After Democrats have framed his visit with one of those ubiquitous local-angle conference calls, they often station party officials and members outside events to protest and talk to the media. Here, for example, is a local Minneapolis television station's report on the group of seniors, accompanied by the city's mayor, who held signs saying "Keep Your Mitt(s) Off My Social Security!" outside his event there on Wednesday.
The groups also police Romney's speeches for potential contradictions, circulating instantly any damaging information and trumpeting every would-be gaffe. When Romney on Wednesday said he was "not concerned with the very poor," the spin machine sprang into action, although the media by this point was so well primed for the latest hyperventilating iteration of "Mitt Romney, Out of Touch Rich Guy" that they hardly needed to.
The Obama campaign is an enthusiastic player of this game, too. On Wednesday, it was circulating a four-page memo from deputy campaign manager Stephanie Cutter making the argument "Mitt Romney's Negative Campaign Is Backfiring." And, as the president was releasing new policies to help homeowners, the DNC issued a document explicitly framing Obama's proposals as a rejoinder to Romney's.
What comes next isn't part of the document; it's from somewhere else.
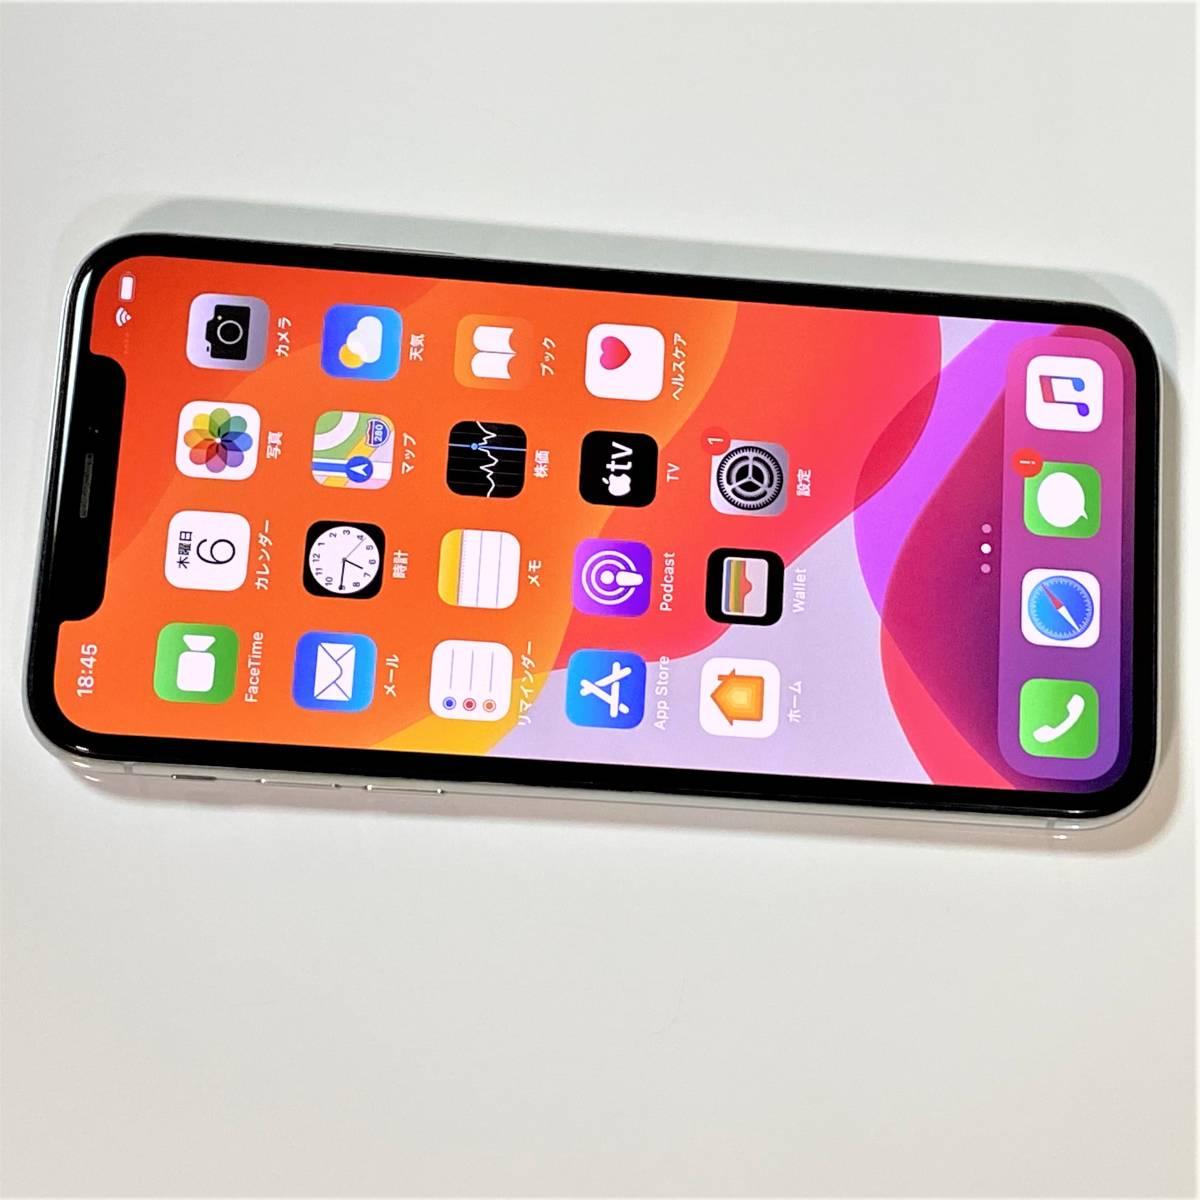 SIMフリー iPhone X シルバー 64GB MQAY2J/A バッテリー最大容量92% docomo 格安SIM MVN

Romney's team wears the attacks as a badge of honor--proof that the opposition views Romney as the most formidable opponent. "The last thing Democrats want is to have to face Mitt Romney in a general election," campaign spokeswoman Andrea Saul said. "Rather than focusing on job creation and helping the middle class, President Obama and his allies are focused on attacking Mitt Romney."
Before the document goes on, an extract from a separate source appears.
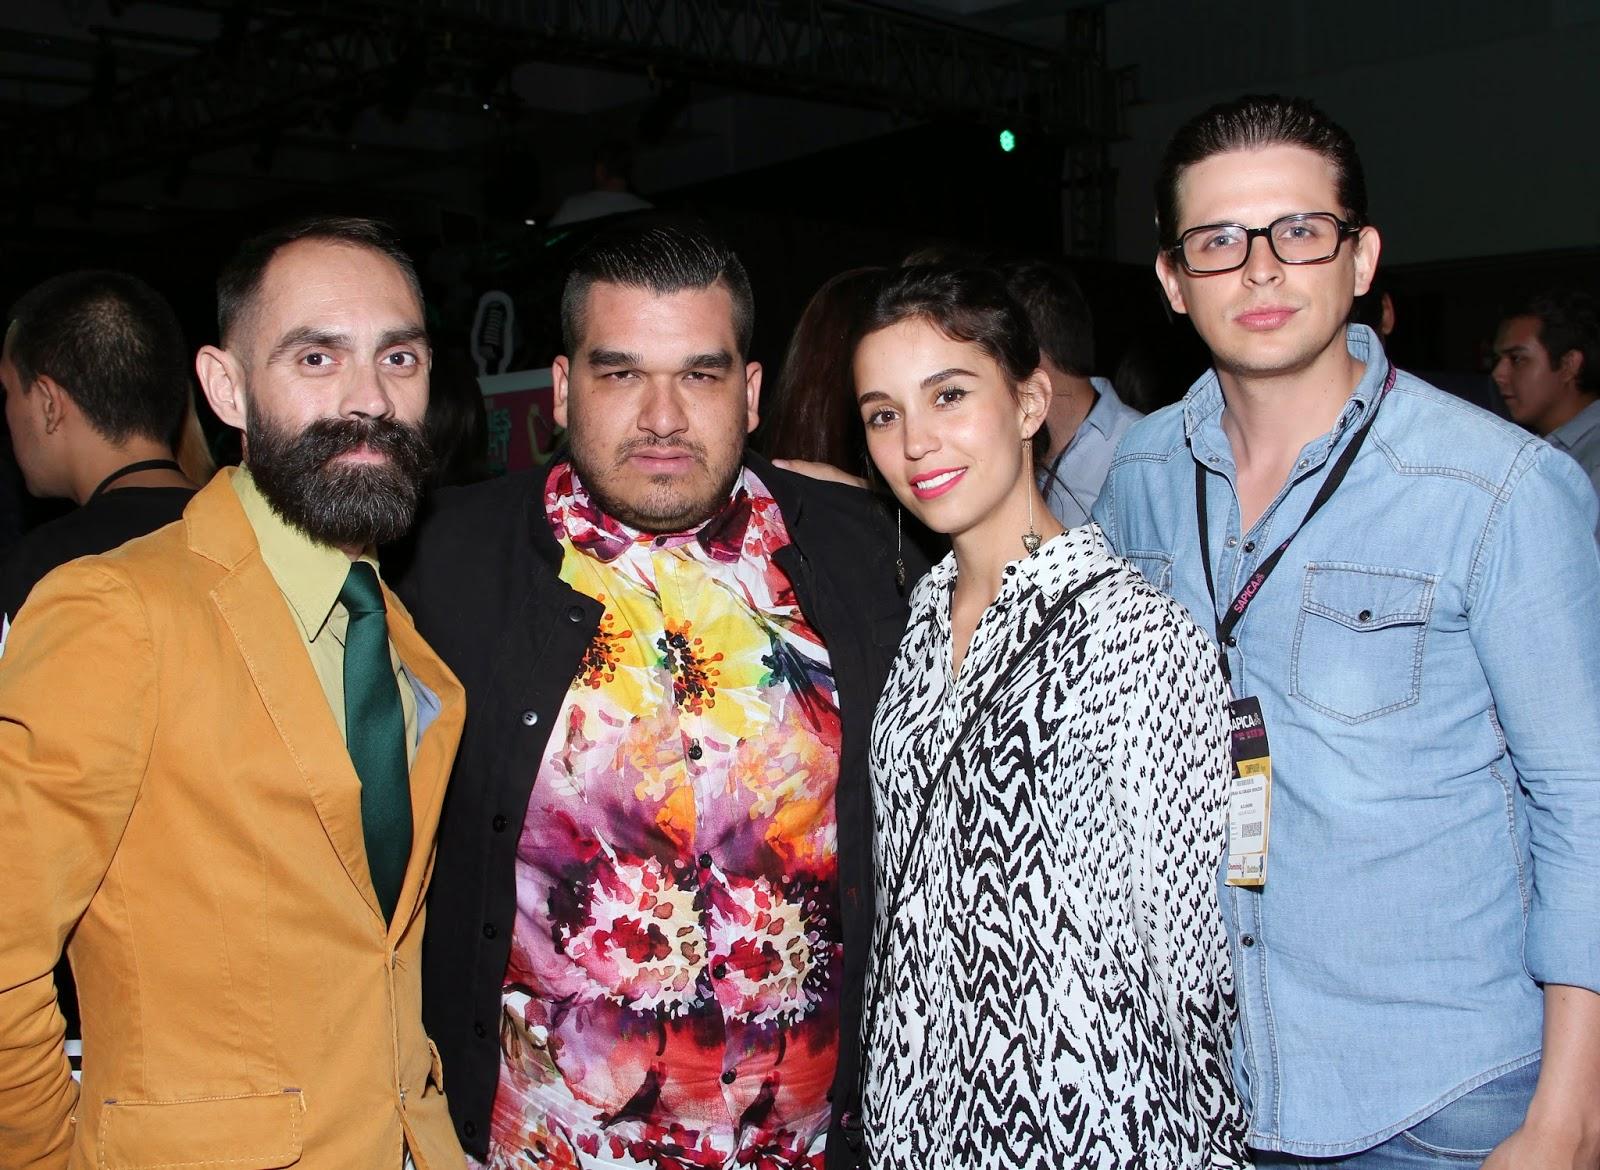 Diseñadores nacionales, calzado mexicano, stuka, sapica marzo 2014, fashion avenue sapica, coctel, poliforum.

In the best-case scenario for the Democrats, they would torpedo Romney's candidacy so effectively that even Republicans would sour on him, handing another candidate the nomination instead. But they'll settle for merely cementing negative impressions--flip-flopper, right-winger, plutocratic elitist--so that by the time Romney accepts the nomination in August, these perceptions are unalterably baked in.
Is there a potential downside to this strategy? It's possible the Democrats' attacks have already elevated him and bolstered his electability argument by making him the president's de facto opponent. There's also a chance that the constant drumbeat could even end up inoculating Romney: Maybe voters will have heard he's a phony so many times by the fall that they'll begin to tune it out.
The Democrats have decided it's worth that risk. And they believe their furious efforts are having an effect.
"I've been happy with some of the criticisms we've been able to land on Romney, because I think it starts the debate," said Rodell Mollineau, president of American Bridge 21st Century, which focuses on tracking and opposition research. He pointed to the group's work highlighting Romney's various inartful comments about money, from "corporations are people" to "I like firing people."
"They're smaller things, but I think after a while we've been able to add them up," Mollineau said. "It all funnels into that narrative that he is the guy that's not on the side of the middle class."
The modern media landscape allows limitless venues for this type of information, from social media to a novel crops of online news outlets and the partisan blogosphere, he noted. "You can start to shape the narrative earlier, so when you do get to the general election, those narratives are already there," he said.
And Mollineau was unapologetic about the focus on Romney. "They all have their flaws," he said of the other GOP candidates. "But when you're the front-runner, you're going to get more scrutiny. You just are."